Она держала в руках сложенный листок бумаги и, подойдя к Максиму, взяла его руку и вложила тот маленький сверточек в его ладонь.
- Держи, Максим Иванович, пущай бережет тебя эта молитва.
- Чего вы меня, баба Вася, по имени-отчеству кличете? - удивился он.
- Так со всем уважением. Ты ведь уже давно не тот Максимка, что груши у меня в саду воровал... Ты, Максим Иванович, послухай меня - береги эту молитву, как зеницу ока. Спасет она тебя и домой к детишкам вернет. Это Девяностый Псалом, "Живый в помощи Вышняго"...
- Бабушка Вася, так я же коммунист, советский человек. Не нужно... Как попы я молиться не умею.
Она сжала его ладонь и взмолилась, будто не слыша его последних слов:
- Возьми… Ты добрый, честный человек, Господь таких оберегает. Только же ты молитвочку держи при себе.
Он кивнул, глядя в её бесцветные глаза, положил в нагрудный карман сложенный листочек и поблагодарил:
- Спасибо, баба Вася.
- Бог с тобой, сынок, - перекрестила она его.
Она долго стояла на дороге. Даже когда колонна скрылась за поворотом, всё ещё смотрела вдаль и рука её поднималась вверх, крестя тех, кто ушел из села.
- Господи, сохрани их.
Странным было для Максима то, что баба Вася именно ему дала эту бумажку. И лишь спустя время он наверняка знал - эта молитва помогла ему пережить то, что пришлось вынести в последующие годы.

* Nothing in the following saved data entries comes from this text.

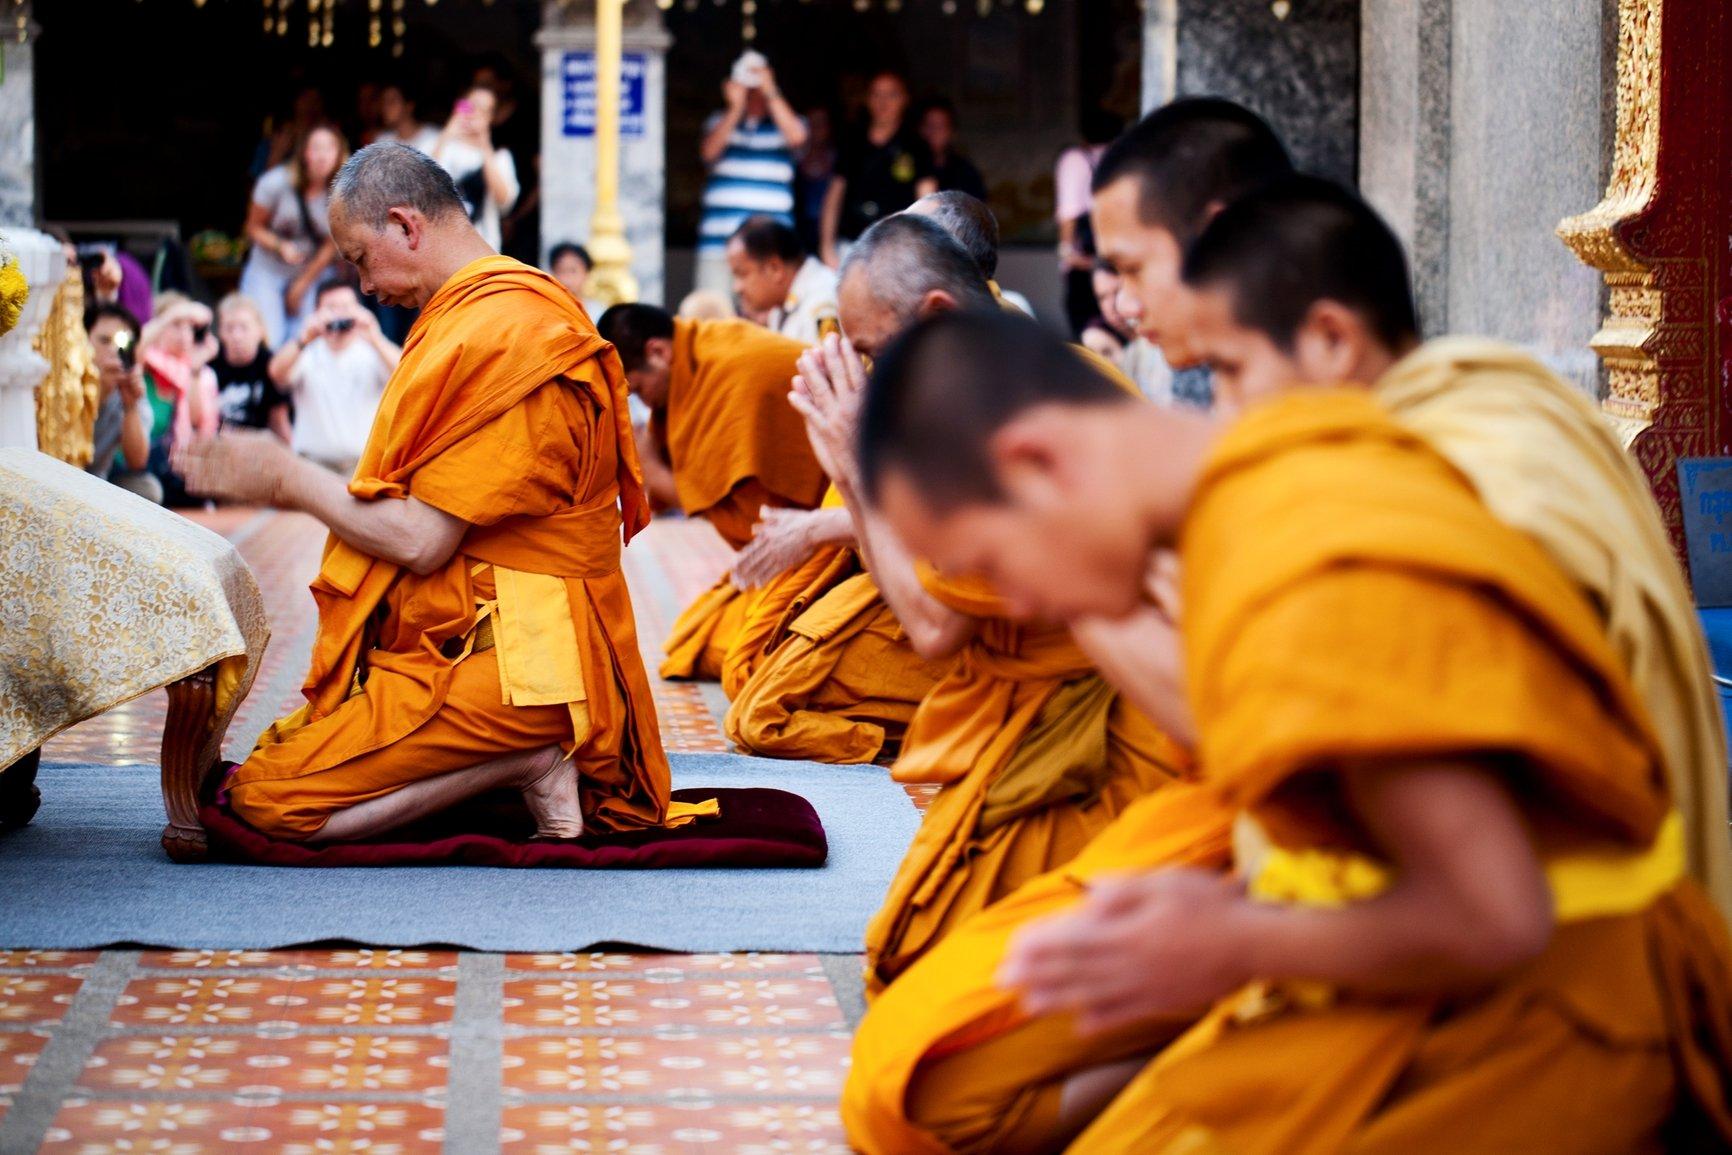 Monks 9100142 m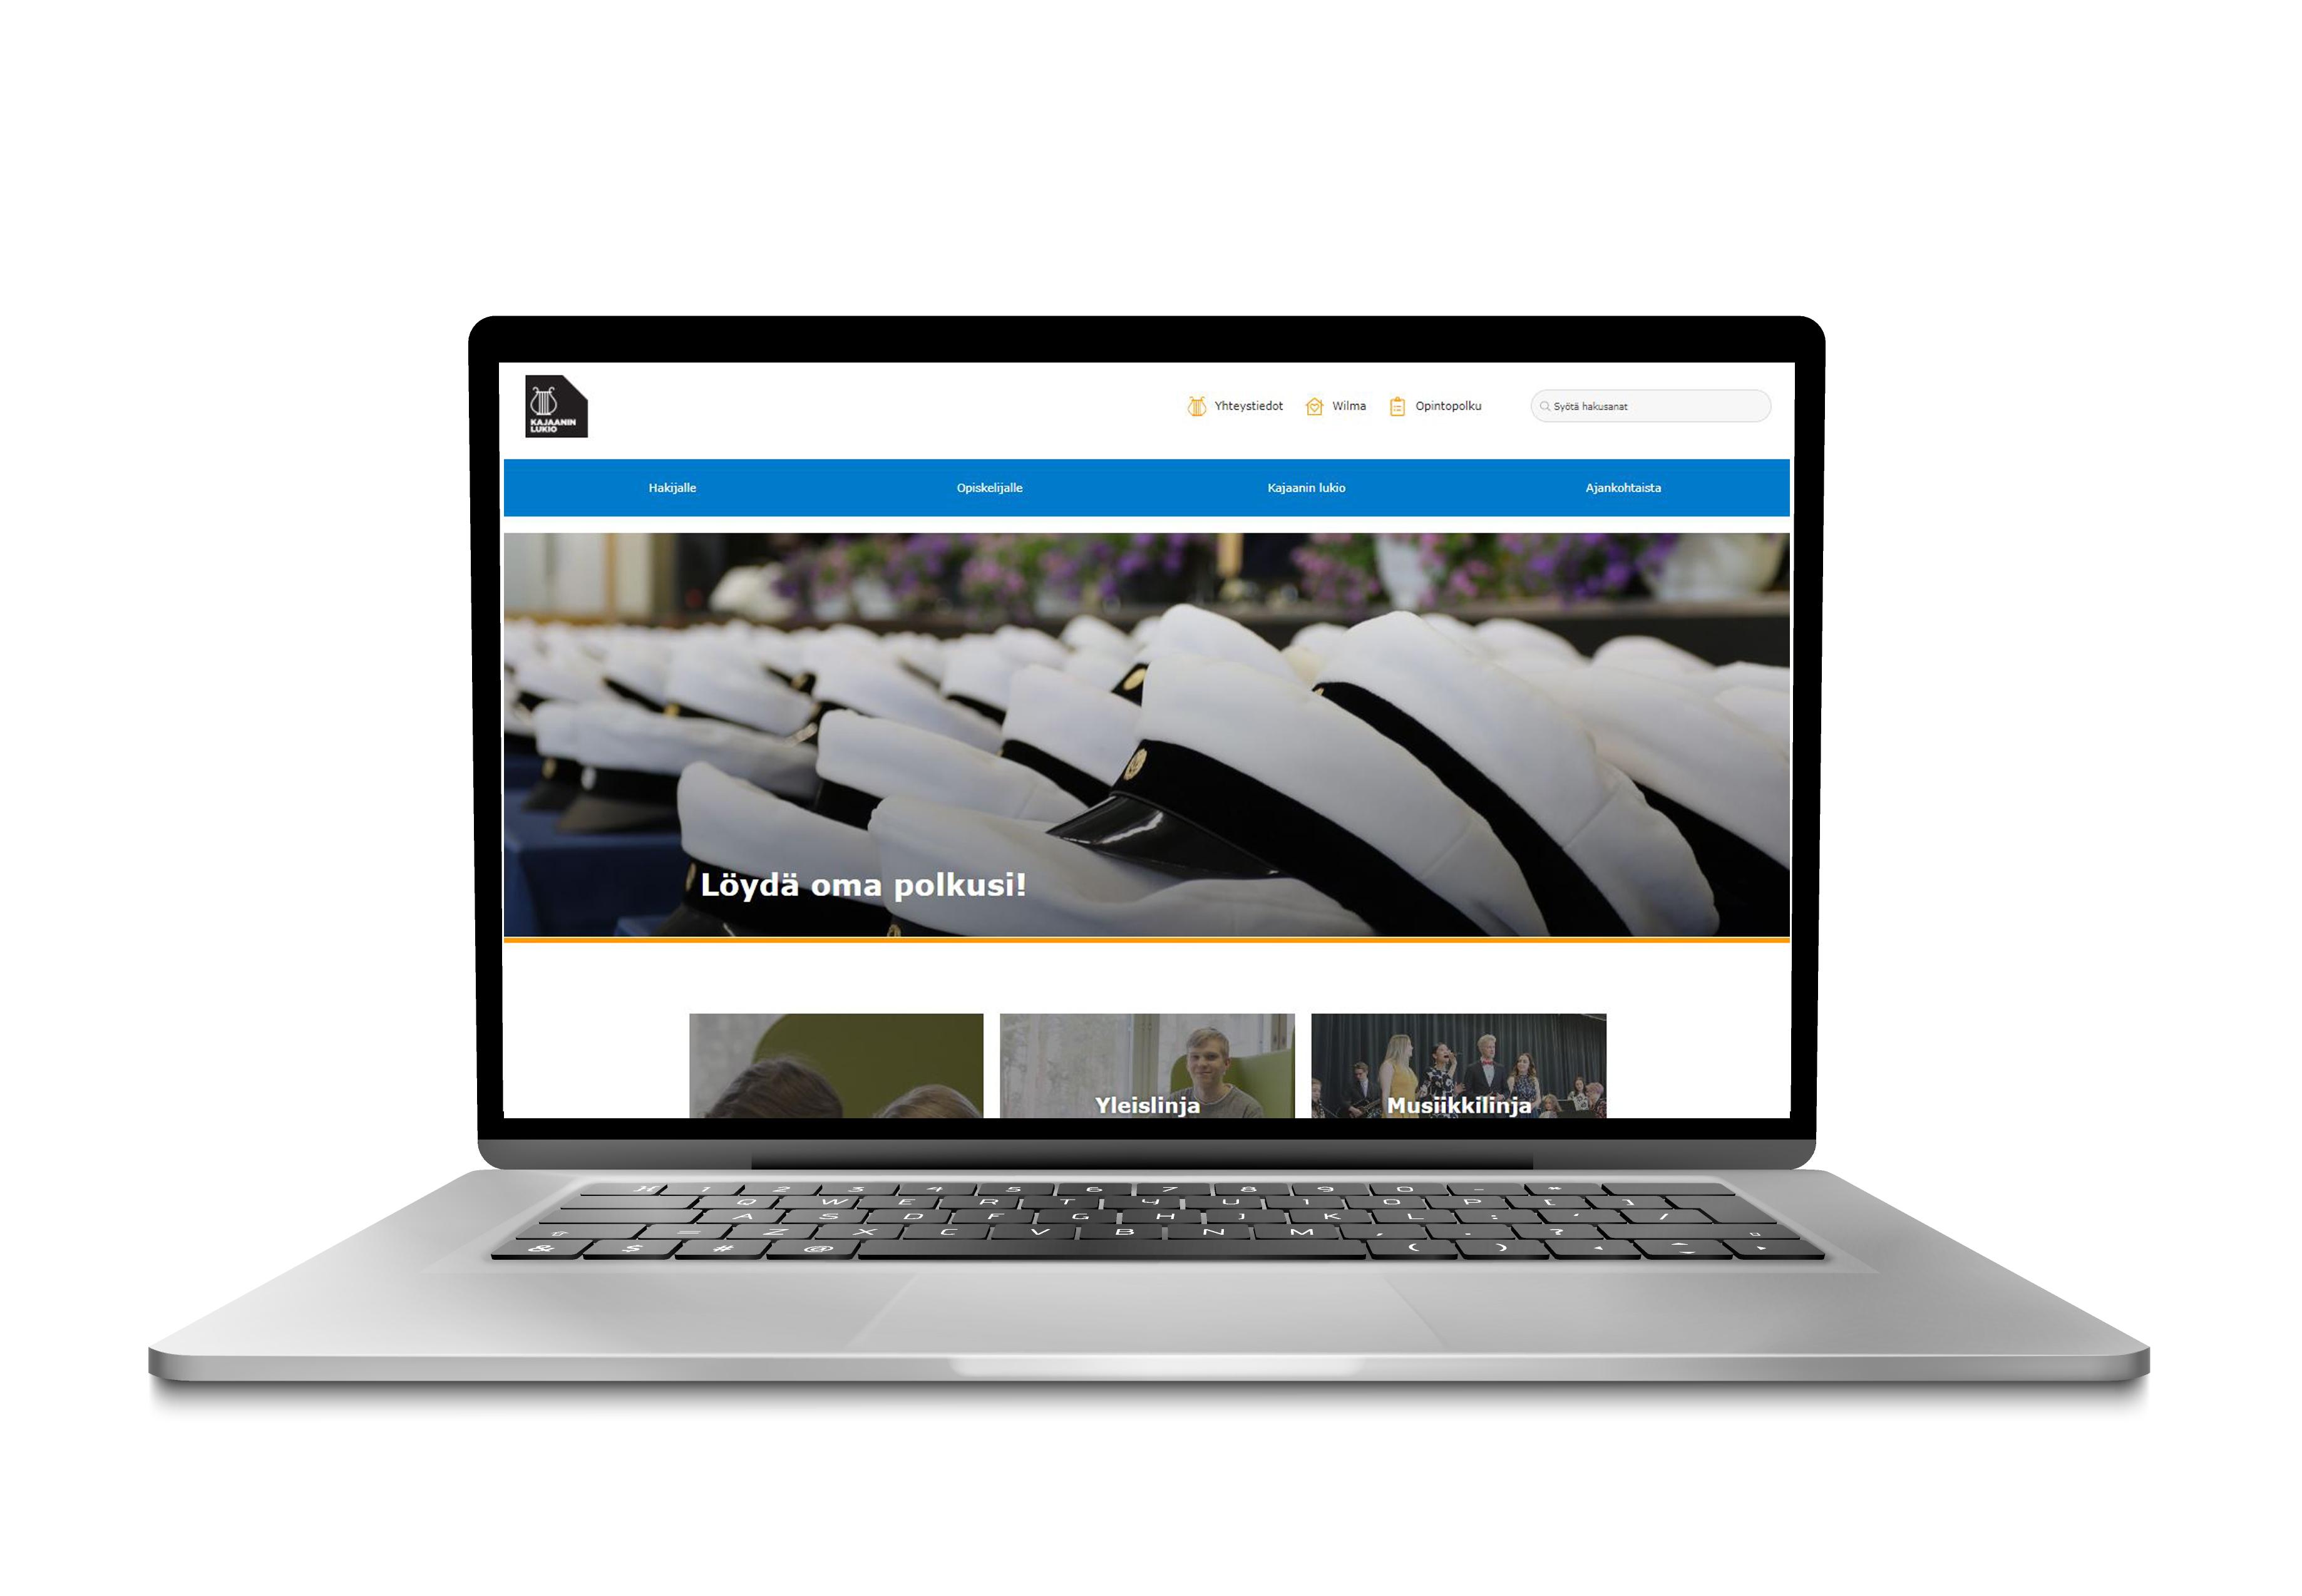 Kajaanin lukion uudet verkkosivut auki kannettavan tietokoneen näytöllä, kuva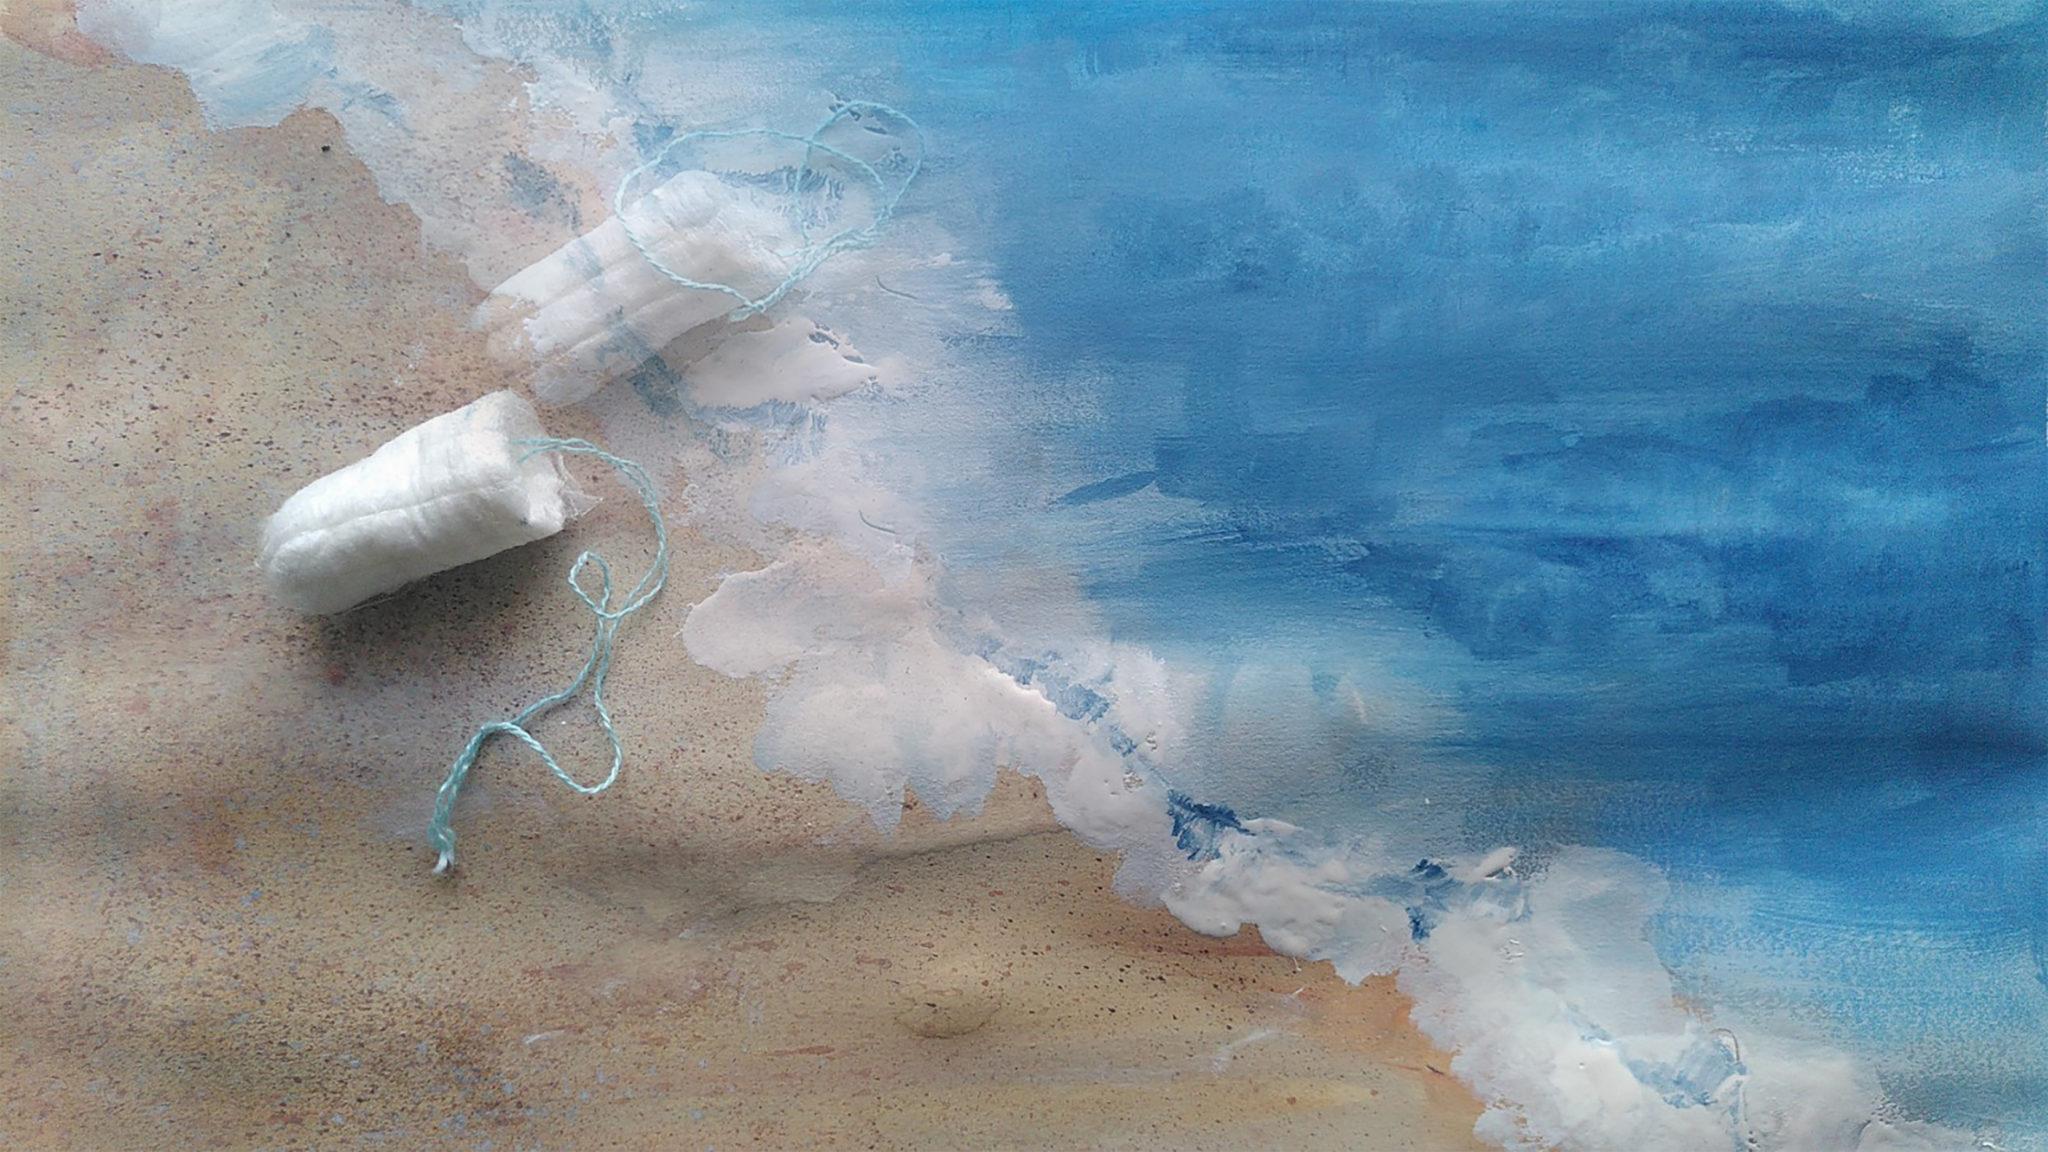 Zeichnung eines Strandes von oben mit Wellensaum, an dem ein Tampon liegt, der Tampon ist als Foto dazugefügt, mit einem zweiten Tampon, der sich ins Meer auflöst

На станции их погрузили в товарняк где была солома на полу, ведро в углу, и щели в два пальца. Тридцать два мужика ехали в одном вагоне. Кто-то курил, кто-то спал, кто-то молился.
Максим сел в углу, посмотрел на своих будущих сослуживцев, затем вынул бумажку, что ему дала баба Вася, расправил и стал читать.
Мужчина не знал, верит ли он, но ему вдруг стало спокойнее, уверенности больше прибавилось, что ли... Он положил бумажку обратно в карман бережно, как дорогую реликвию.
А поезд меж тем тронулся, увозя его дальше от дома и от родных.
***
Декабрь 1941 год.
Ещё в ноябре земля была мягкой, под ногами хлюпала грязь, а дождь лил так, что в окопах стояла вода по колено, но к первому декабрю ударил мороз. Ветер резал кожу, как стекло и в окопах стало невыносимо холодно. Замерзала вода в фляжках, замерзал и хлеб, только вот солдаты не имели права замерзнуть...
Максим Зотов был в окопе в ста километрах от Москвы. Его стрелковый полк держал участок между деревнями. Семь дней без сна, без горячей еды. А вчера закончились патроны и не было уже уверенности, что до Нового года он вернется домой к своей семье.
Он похудел очень сильно, лицо мужчины заросло щетиной, глаза запали, а руки тряслись от усталости и холода. Но он и его товарищи держались, зная, что надо бороться до конца.
В кармане гимнастёрки лежала та самая бумажка с молитвой. Максим читал её каждую ночь. Сперва слова казались бессмысленными, но чем больше он читал, тем больше понимал, что именно они сдерживают его от сумасшествия.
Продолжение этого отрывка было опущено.